• **Information**
○ ○ ○ ○
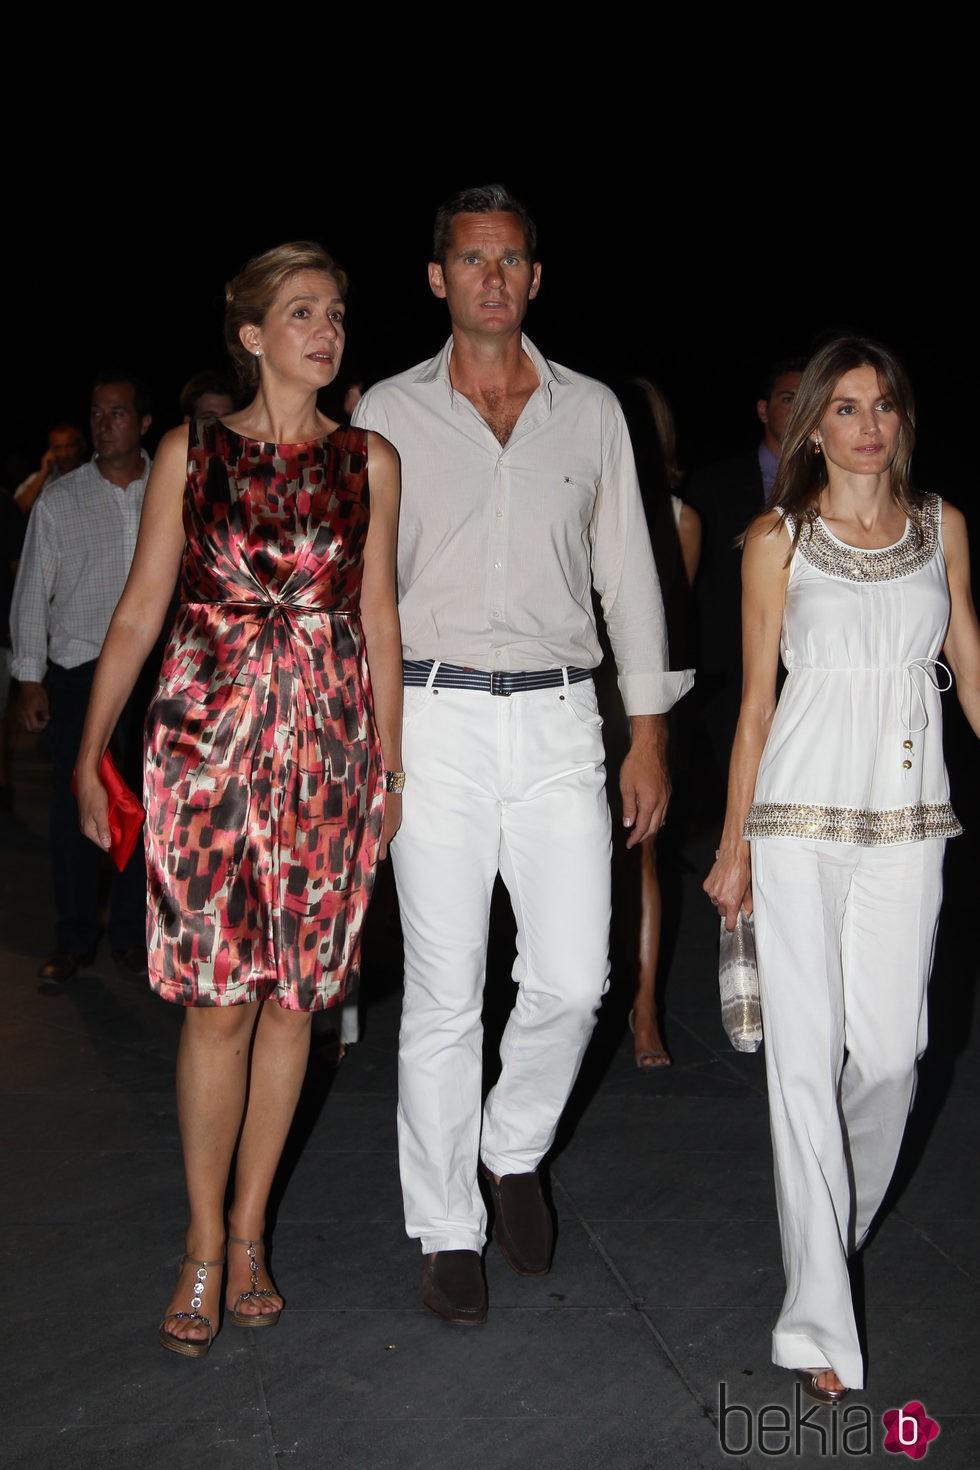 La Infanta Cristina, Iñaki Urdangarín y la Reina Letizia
○ ○ ○ ○
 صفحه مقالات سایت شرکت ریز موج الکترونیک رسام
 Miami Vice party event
○ ○ ○ ○
Could you transcribe the entries above word for word, from the line with "صفحه مقالات سایت شرکت ریز موج الکترونیک رسام" down to the line with "Miami Vice party event", keeping both?

 صفحه مقالات سایت شرکت ریز موج الکترونیک رسام
 Miami Vice party event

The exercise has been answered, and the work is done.